PTSD is the first problem that Expanse hopes to apply its algorithms to, Eldering said. It "gives us a clear disease target," one that has the requisite genetic component and, assuming Expanse can partner with the MVP "[information] from a population that suffers [from the condition]." However once the solution is ready, it will be able to make treatment recommendations for a whole range of diseases, he said. Other potential non-disease application areas for the company's algorithms include obesity and weight loss, targets which Expanse will pursue in collaboration with yet-to-be determined partners who have the data it needs for such studies, he said.
Expanse is still mulling pricing options for its first product but it is considering a model where it is paid a percentage of profits that its customers take in from producing better outcomes at lower costs. Using the aforementioned example where an oncologist has to choose between three treatment options for melanoma, Eldering explained the pricing model this way; if in that scenario, "we can determine that the cost savings to the insurance company is $10,000 on average [per patient] based on the ability to make the genetic-based recommendation, then we want to shoot for a part of that whether that’s a third to forty percent" of the costs savings.
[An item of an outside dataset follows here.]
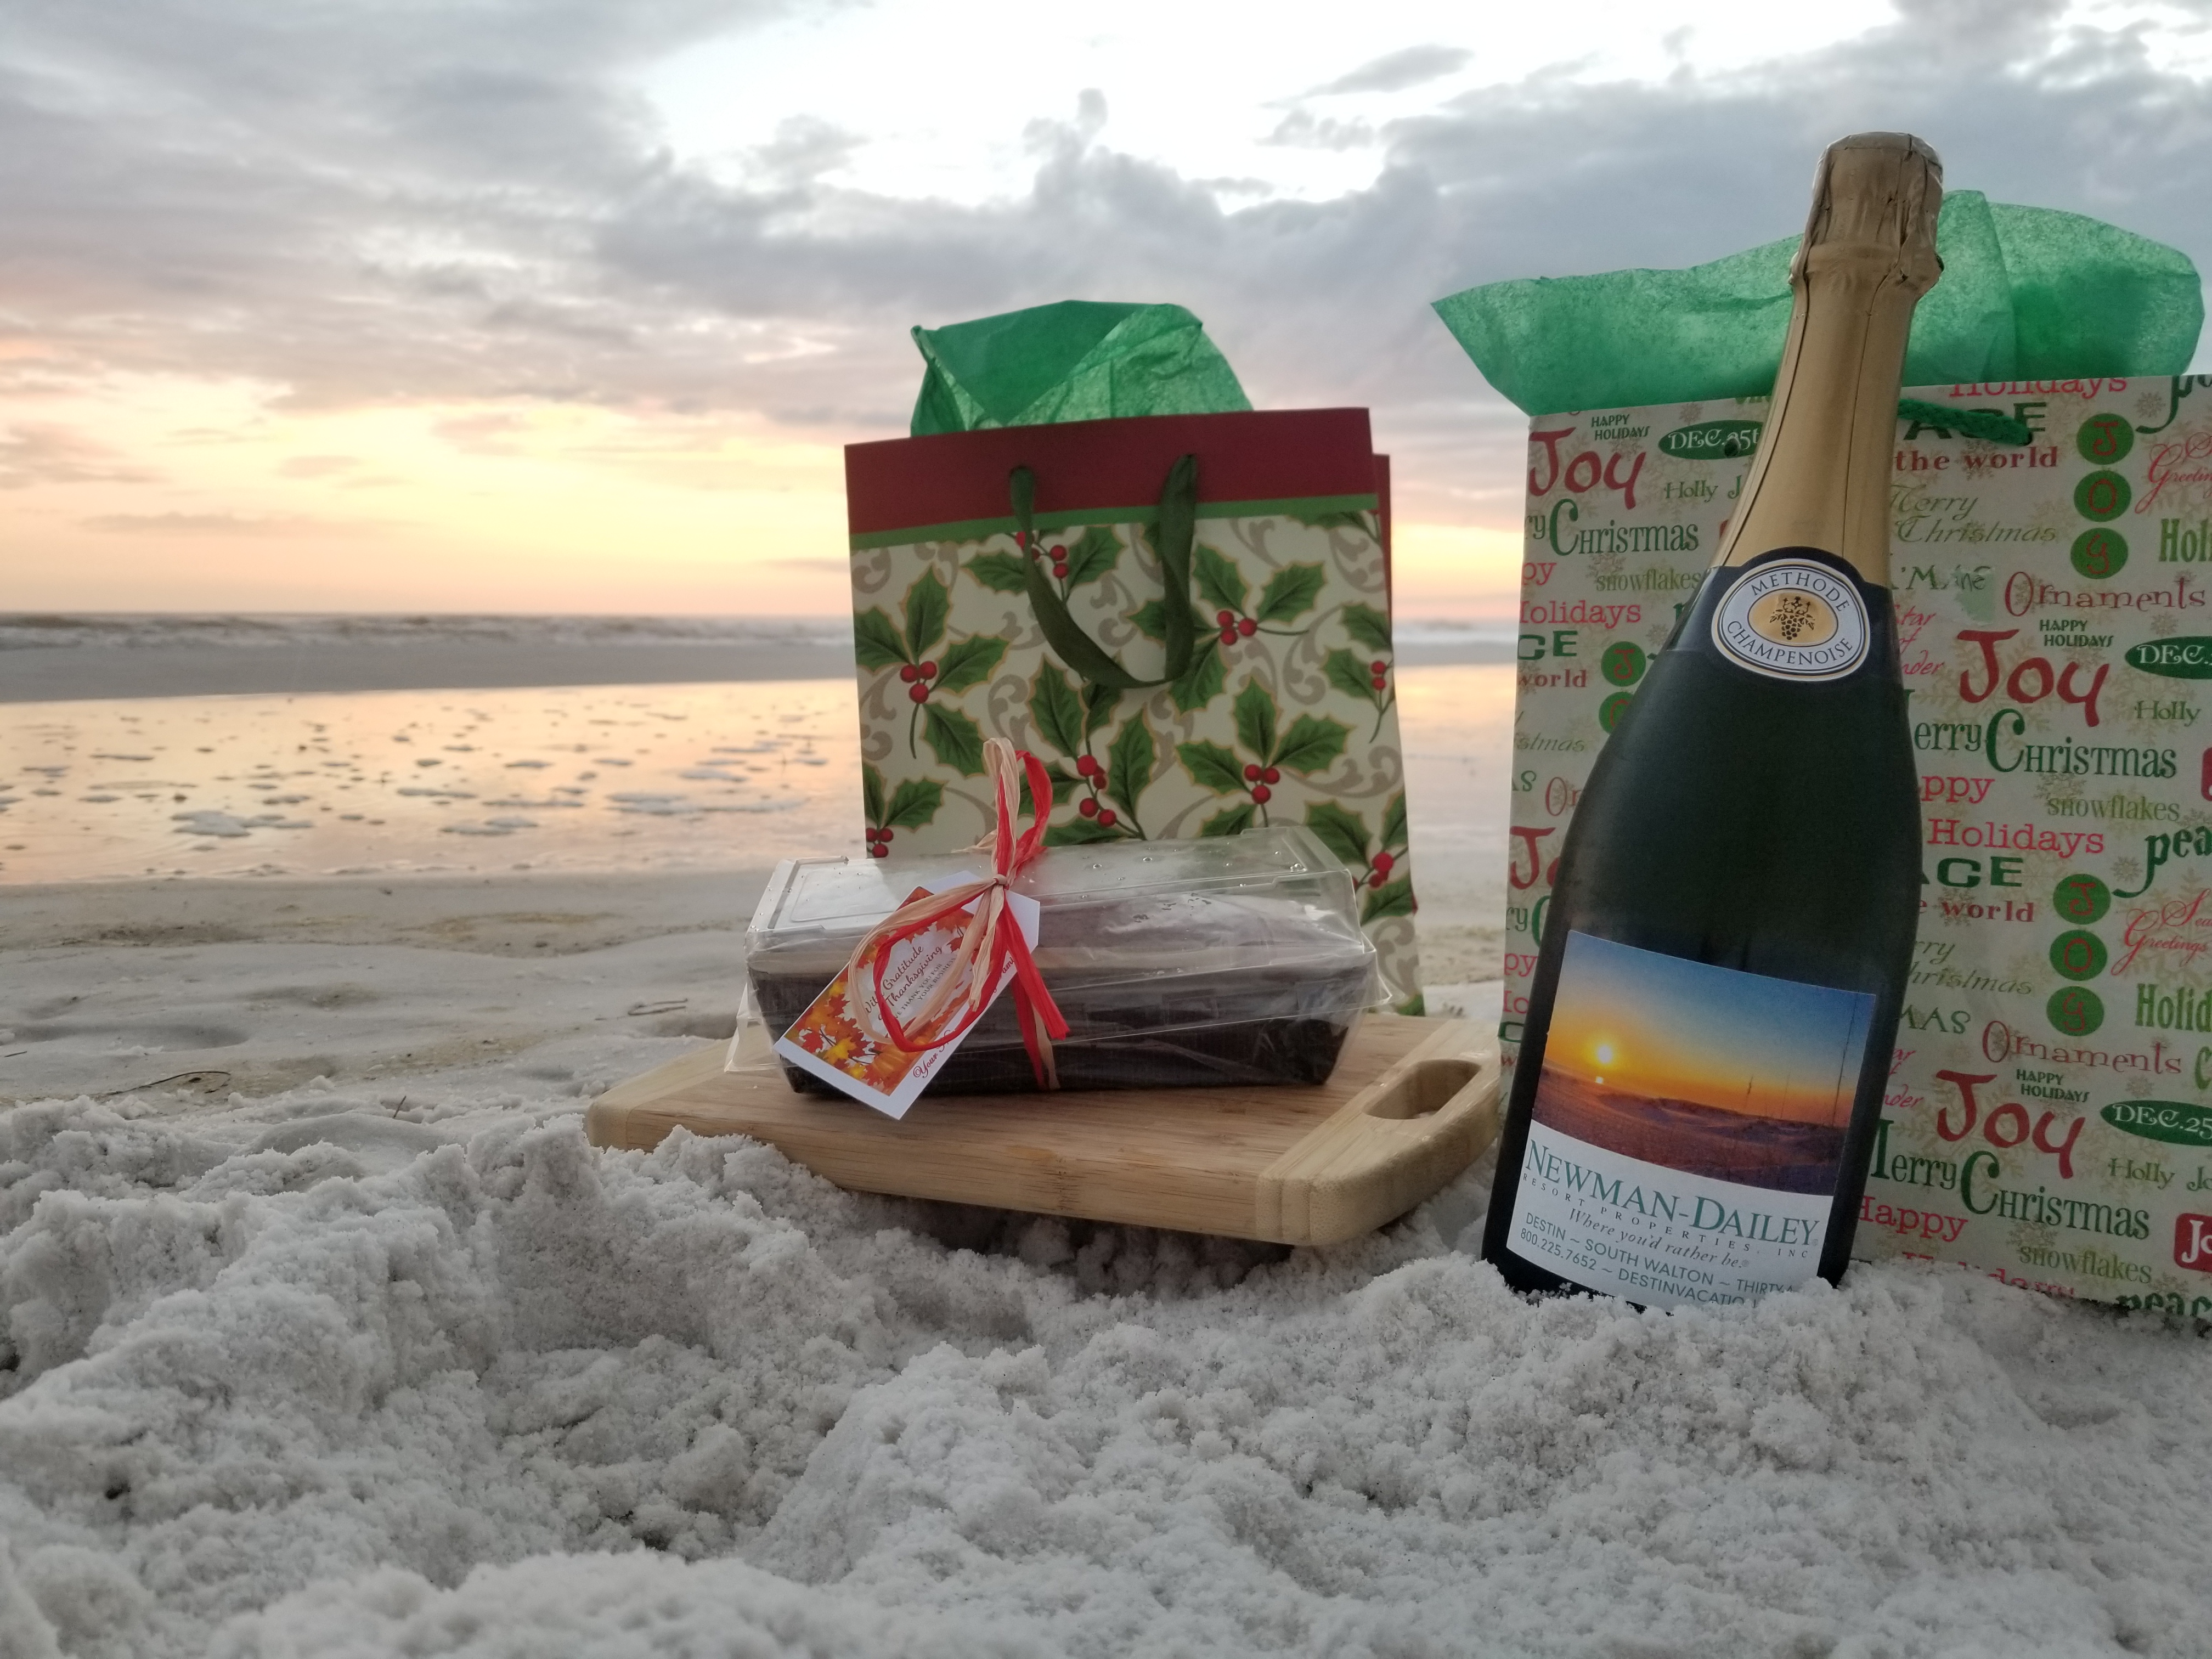 Newman-Dailey Resort Properties, a premier Destin vacation rental company, is welcoming families with a fresh baked loaf of bread for the holidays and sparkling wine for New Year's Eve celebrations.

If this particular business model is adopted, the company would also apply it to other products its plans to develop for its portfolio. These include a social networking software that would allow users to find genetically similar patients — so-called SNP buddies. Customers of this tool — individuals suffering from a particular disease, for instance — could use the application to connect with other patients dealing with the same condition and form support groups through which they could share disease management tips, for example. This would also create a pool of potential study participants from a research standpoint. A third longer-term product would provide users with product recommendations that are tailored to their genetic make up, including things like cosmeceuticals, — cosmetic products that have biologically active ingredients — consumer electronics, and fashion choices.
In terms of setting a price point for a product recommendation application, for example, if the manufacturer of a $300 cosmeceutical finds that by making genetic-based recommendations they can increase sales and pricing of their products because customers are willing to pay more for a product that’s tailored to their genes, "we would expect to get a percentage of that lift," Eldering said.
Expanse Bioinformatics initially opened its doors in the early 2000s as a targeted advertising company called Expanse Networks which developed systems for figuring out consumer demographics based on their purchases and viewing habits. The company sold the IP underlying that business in 2004 and then re-launched in 2007 in Philadelphia with its sights set on developing products for the genomics market and a newly developed set of algorithms in tow.
Expanse sees IBM and Watson as its main competitor targeting the same sorts of customers and using an approach to analyzing data that’s along the same lines as its own. While its true that Expanse is a much smaller company — it currently has five employees, fewer resources, and is self-funded, though it plans to fundraise this year — Eldering believes that there is a share of the market to be had. The company intends to compete by focusing on very specific applications and demonstrating the benefits of using its solution to cut costs and improve care in the short term.